Quand Paul nous parle de la célébration de la cène, il nous dit que chaque fois que nous célébrons ce repas «nous annonçons la mort du Christ jusqu’à ce qu’il vienne» I Cor 11 : 26). Jésus dit lui-même « je ne boirai plus de ce vin jusqu’au jour où je boirai avec vous le vin nouveau dans le royaume de mon père » (Mt 26 : 29)
Ainsi, ce que nous vivons dans la célébration de la Cène n’est cependant encore qu’un avant-goût de ce que nous expérimenterons dans le Royaume, ce n’est qu’une « ombre des choses à venir » (Col 2 :17)
Le pain et le vin sont signe, annonce, préfiguration, acompte du grand festin du Royaume, déjà annoncé par les prophètes de l’AT (Es 25:6–9)
Lorsque nous partageons la cène, nous participons à cette attente, nous nous inscrivons dans cette longue nuée de témoins qui nous précèdent dans cette attente, et notamment tous ceux qui nous ont quittés, dont nous avons évoqué les noms ce matin, et tout ceux d’avant encore !
En prenant la cène nous participons par anticipation à ce grand festin du Royaume où Dieu rassemblera tous ses enfants, tous ceux dont Jésus dit qu’il ne peut en perdre aucun (Jn 6 : 39)! Nous y participons de manière certes limitée, partielle, mais mystérieusement, ce Royaume est déjà présent !
Nous retrouvons dans la cène cette grande affirmation du Christ « du Royaume déjà-là et encore en devenir » ! Donc «si la cène est un repas du souvenir, elle est aussi un repas d’espérance ! Ce que nous vivons imparfaitement, incomplètement, dans le provisoire, sera un jour remplacé par la perfection, la plénitude, le définitif.
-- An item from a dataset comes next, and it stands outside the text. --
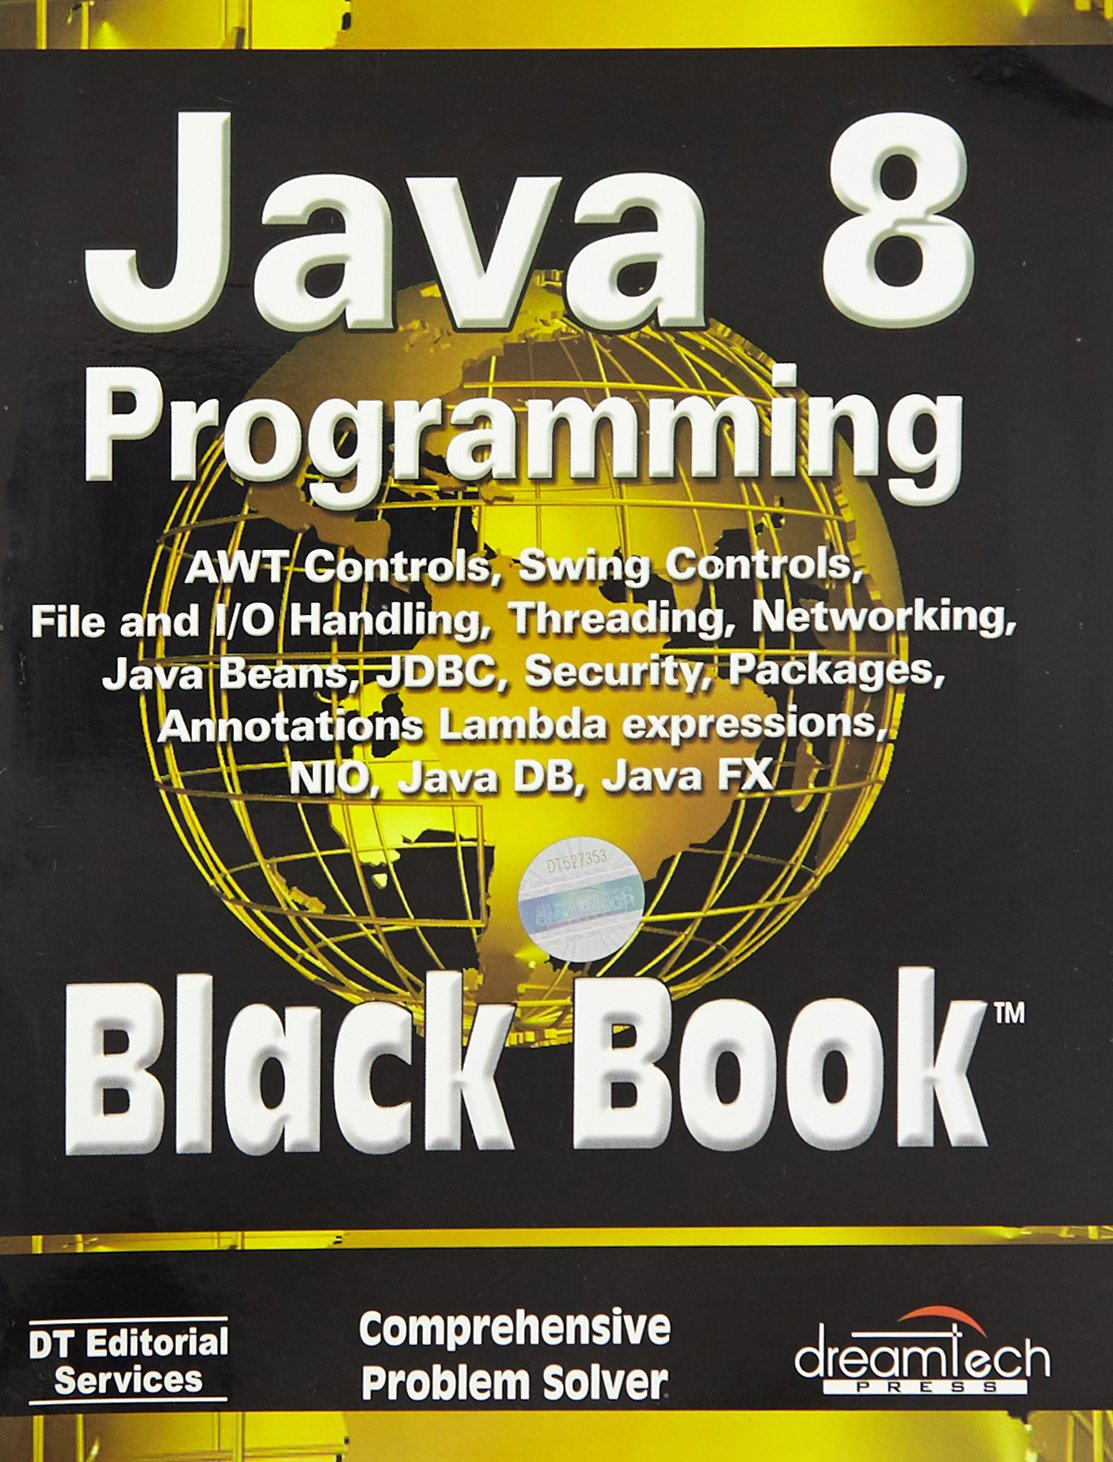 Buy Java 8 Programming Black Book Book Online at Low Prices in ...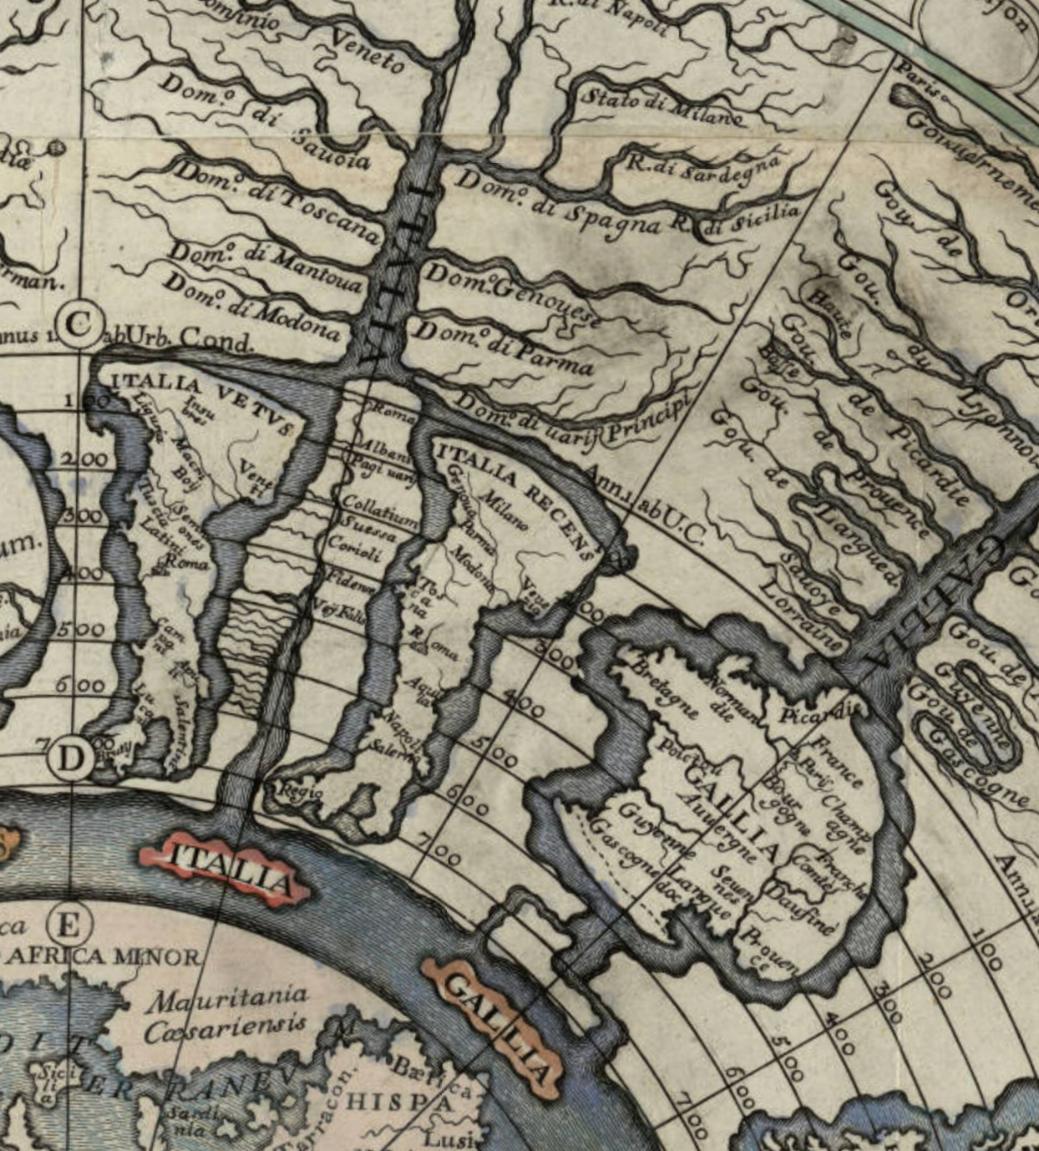 Detail from Girolamo Andrea Martignoni's 1718 chronographic map of the history of the Roman empire,  Imago Romani imperii .

La cène devient ainsi ce viatique qui nous donne la force et le courage d’affronter les soucis, les souffrances et les échecs du quotidien. Ce n’est pas une espérance qui nous coupe de la réalité, mais au contraire qui nous plonge au cœur de celle-ci avec la certitude d’une présence donnée et renouvelée »! (3)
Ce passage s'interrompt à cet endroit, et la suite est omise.